Упрямец-пенсионер Мозес Гершт в понедельник на работу не вышел, несмотря на звонок и вежливую просьбу Жозефин посмотреть новую, требующую реставрации картину. Не вышел он и во вторник, и в среду, отговариваясь какими-то запутанными семейными обстоятельствами. Артур взял ситуацию в свои руки. В четверг, отложив все дела, он лично поехал в гости к капризному реставратору. Возвратился поздно, явно удовлетворенный беседой со старичком, об исходе которой его жена Жозефин могла лишь догадываться.
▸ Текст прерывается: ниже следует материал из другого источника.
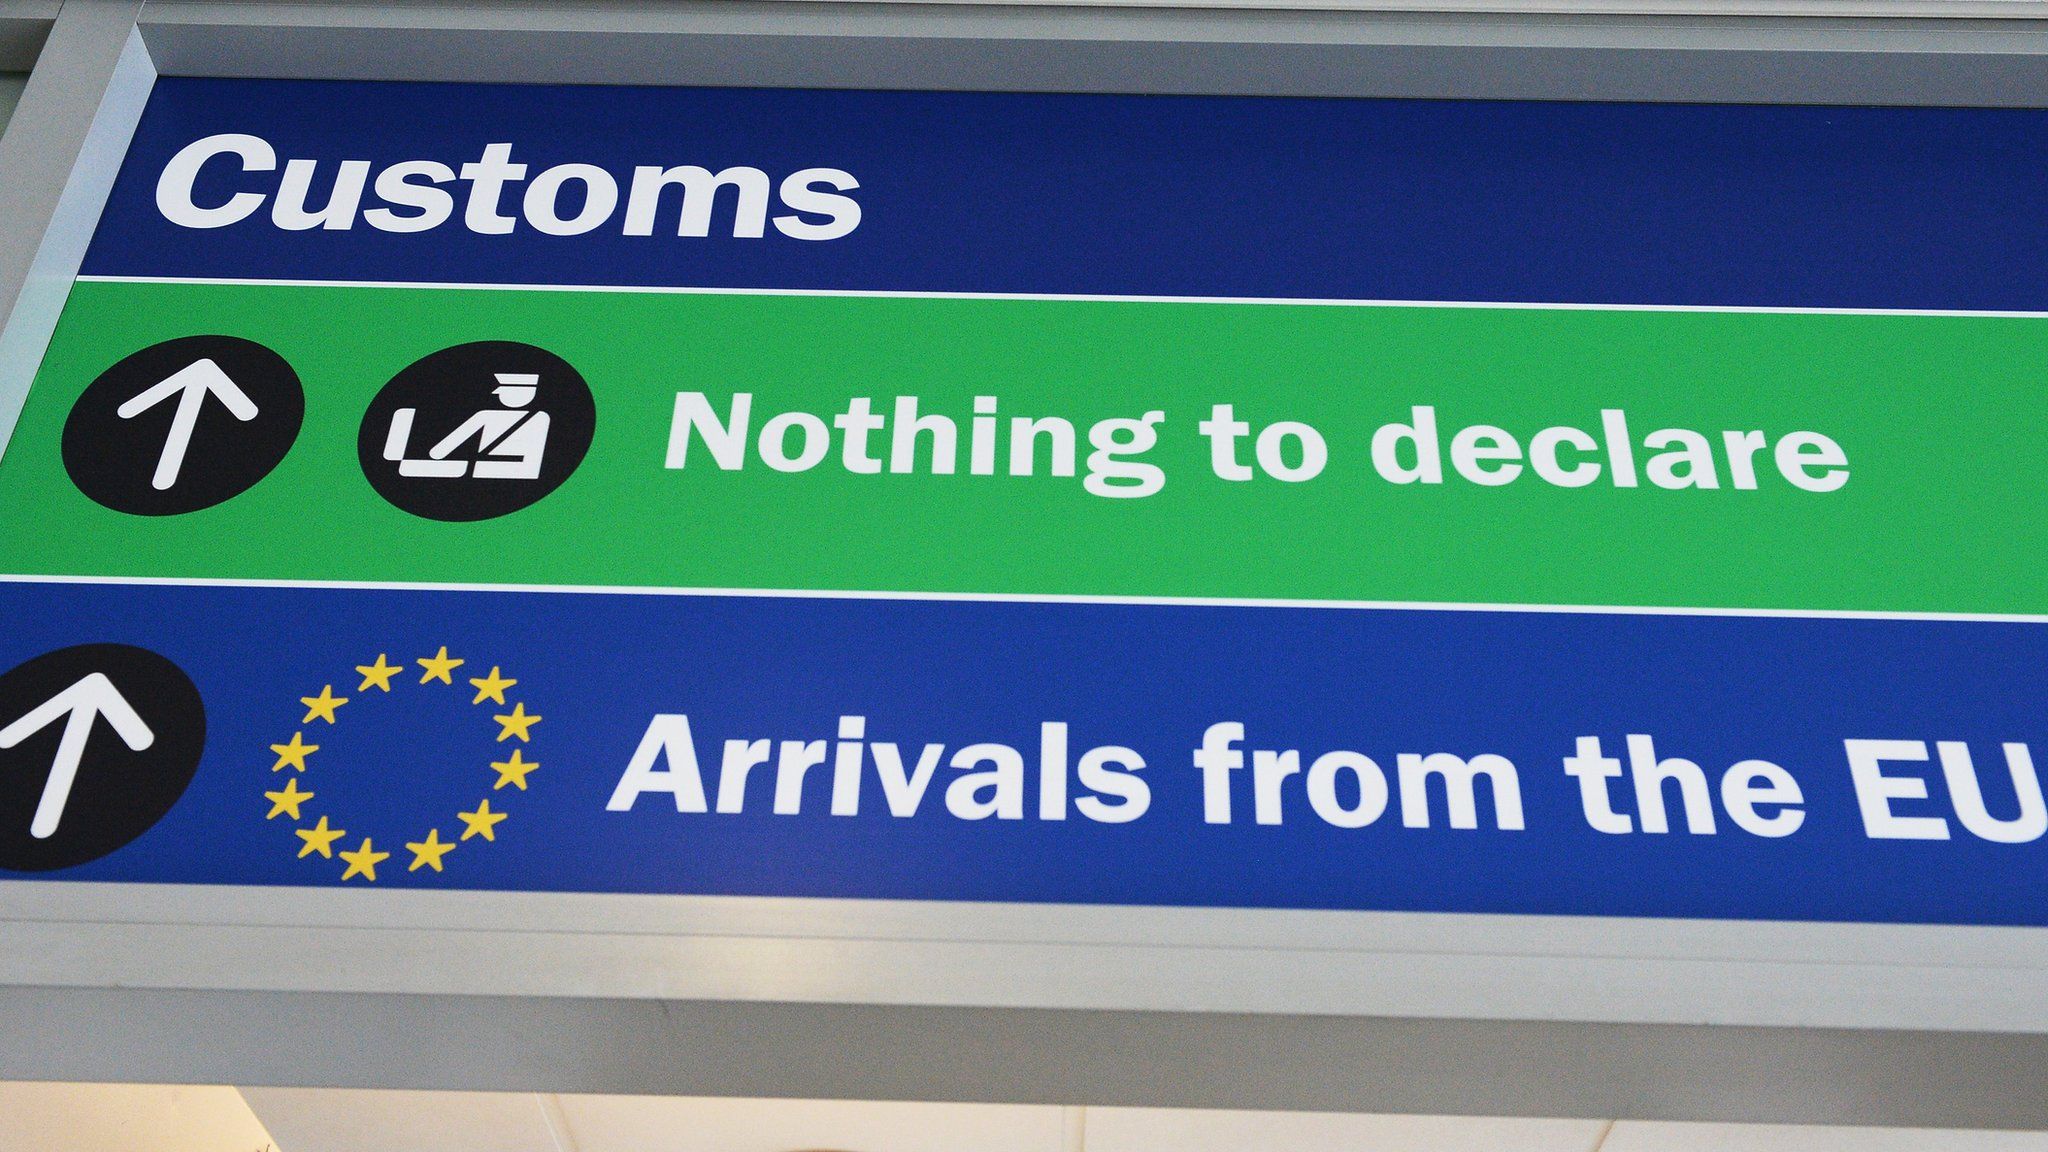 Sign for customs at airport

«Старый интриган, – не без гордости подумала она о муже, и следом грустно вздохнула, – Ах, Кэт, милая девочка. Не имеет ни малейшего представления, в какую попала заварушку…»
«Не музей, а сумасшедший дом. Не работа, а странное, неделю тянущееся сумасшествие. Забавное сумасшествие», – рассуждала про себя Кэт, спеша по коридорам галереи навстречу шейху.
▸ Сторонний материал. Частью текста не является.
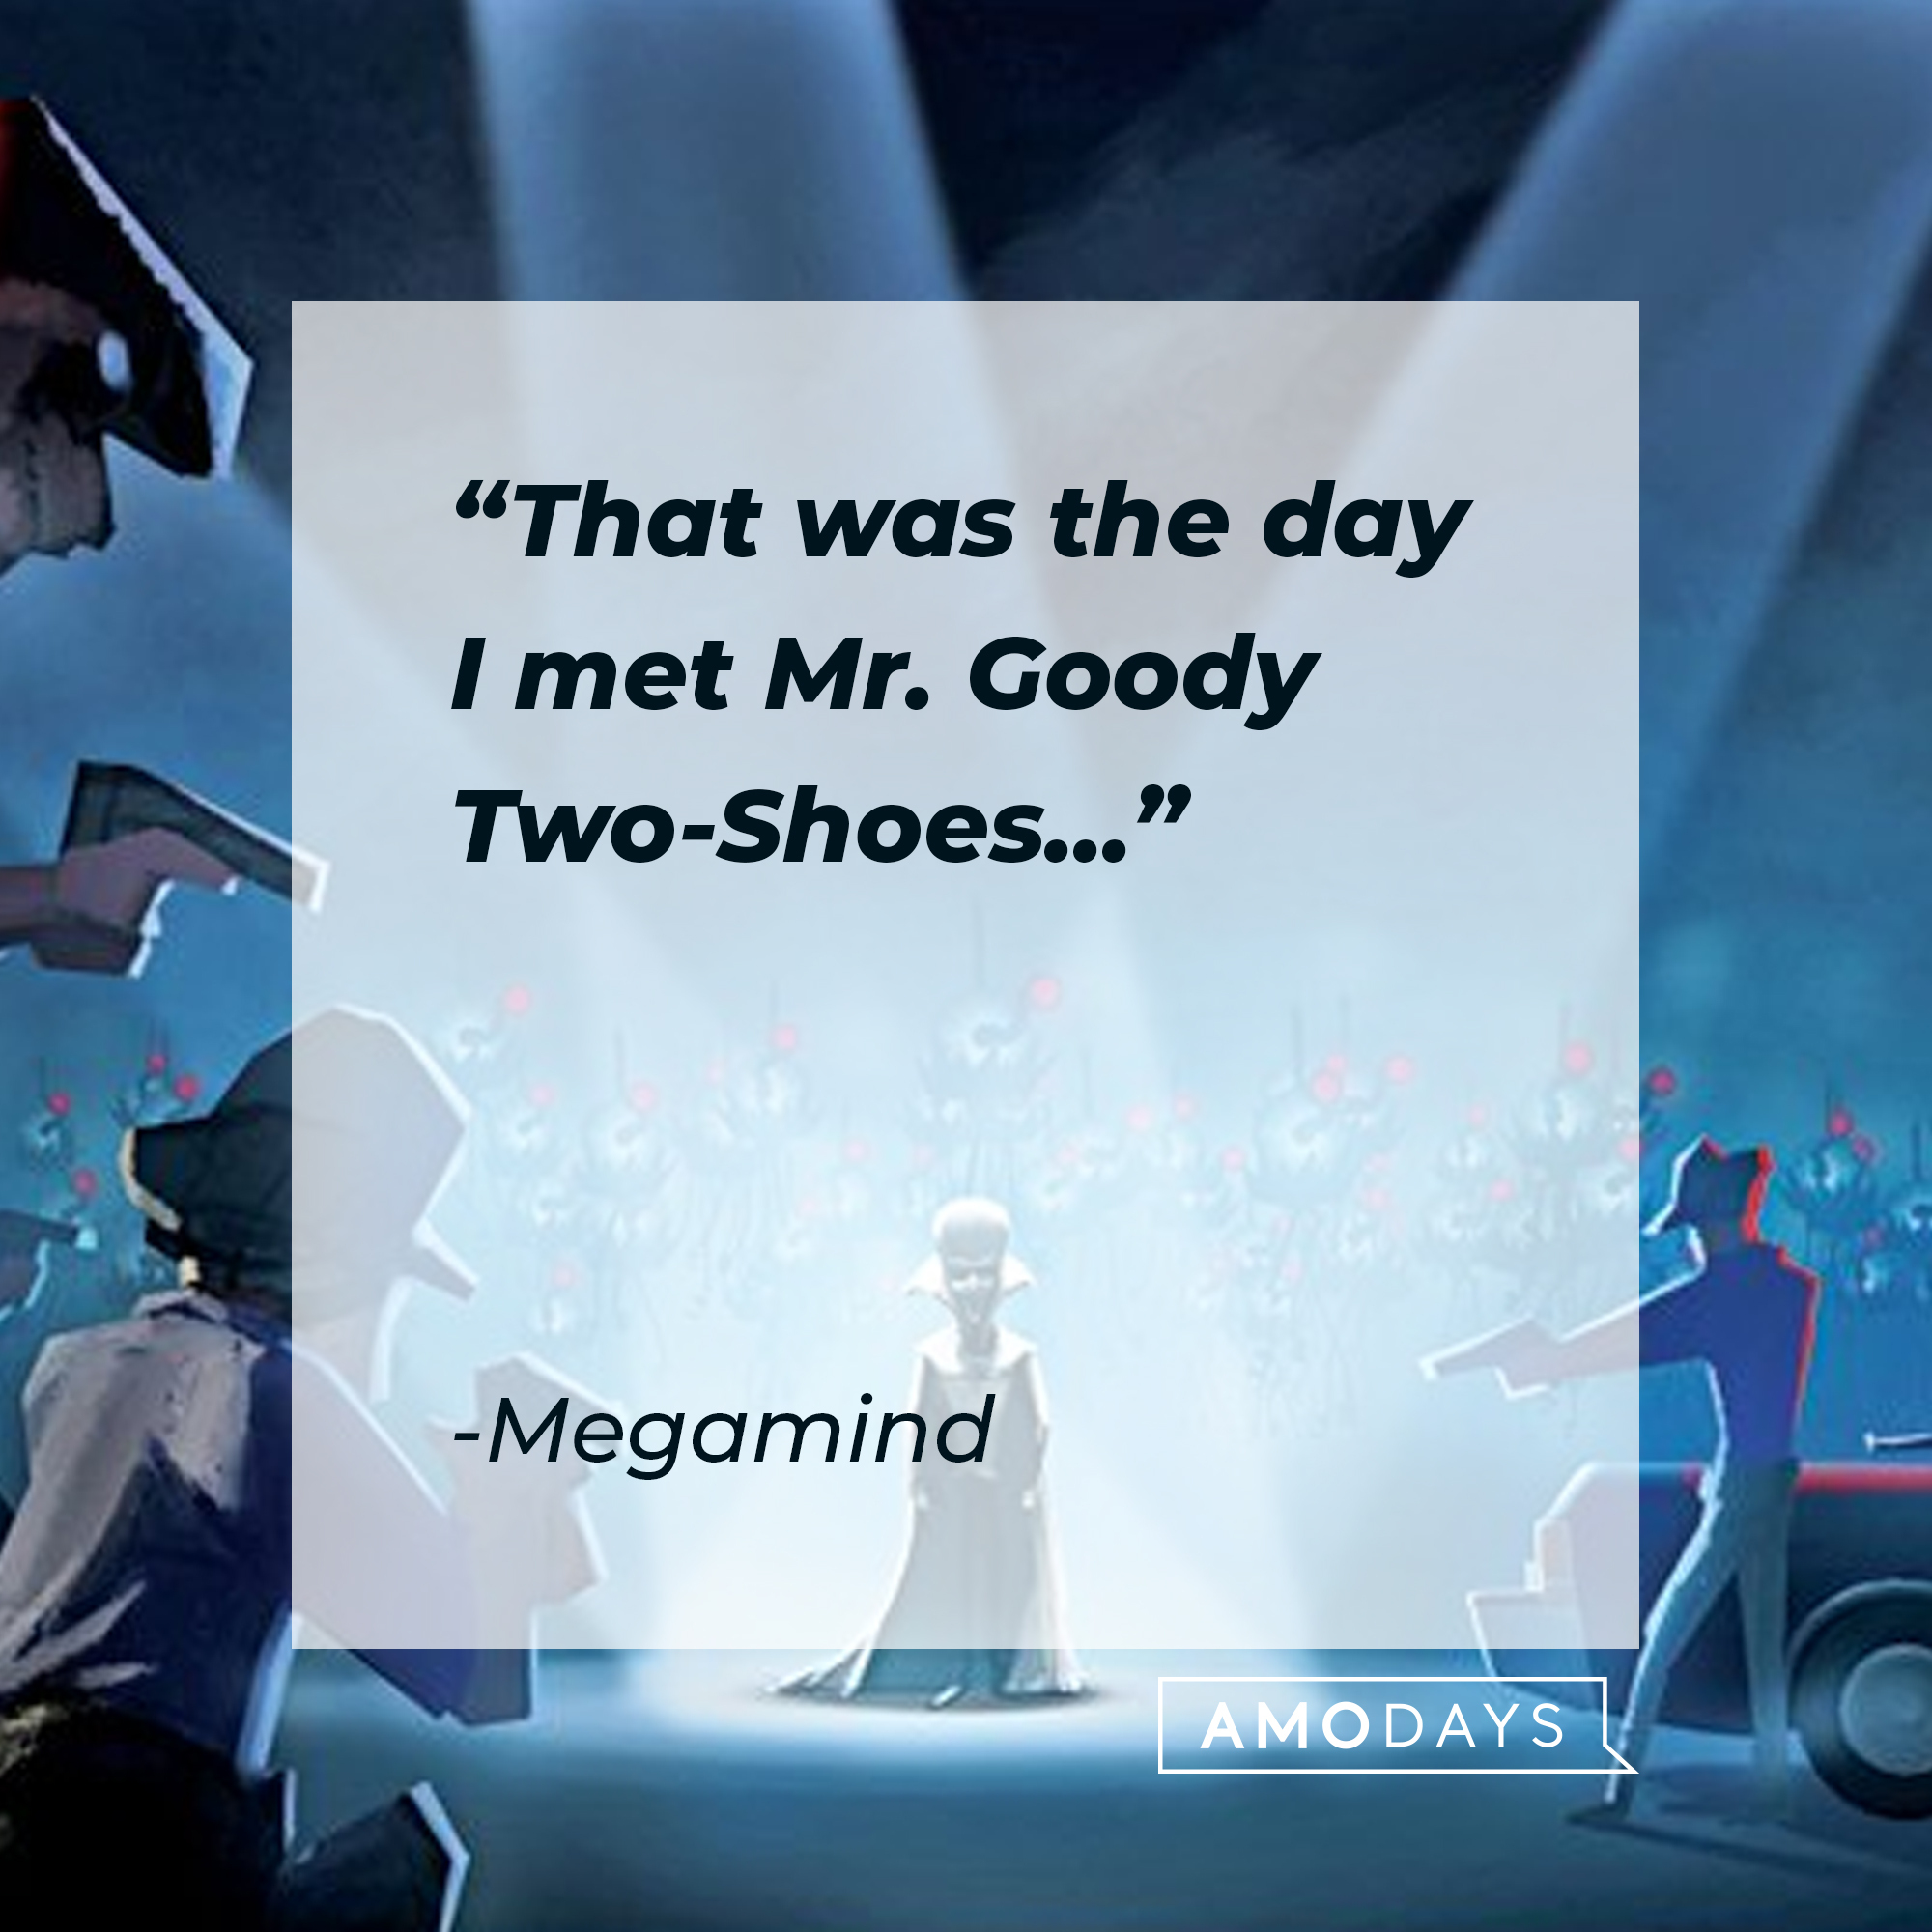 Megamind's quote: "That was the day I met Mr. Goody Two-Shoes..." | Source: Facebook.com/MegamindUK

Он наведывался в галерею каждый день в компании своих молчунов-охранников, наводящих ужас на посетителей. Наведывался без особой цели – просто, чтобы подарить цветы прекрасной даме, сделать ей очередной по-восточному витиеватый комплимент и философски удалиться.
Поначалу прекрасная дама отзывалась на приходы поклонника внутренним недоумением, стараясь поскорее от него отделаться. Но с течением дней, принимая от принца то фрезии вперемешку с цветами апельсинового дерева, то подснежники, то шикарные розы, она почувствовала неудобство. Против манеры, ссылаясь на занятость спасаться бегством с охапкой цветов, восставало хорошее воспитание.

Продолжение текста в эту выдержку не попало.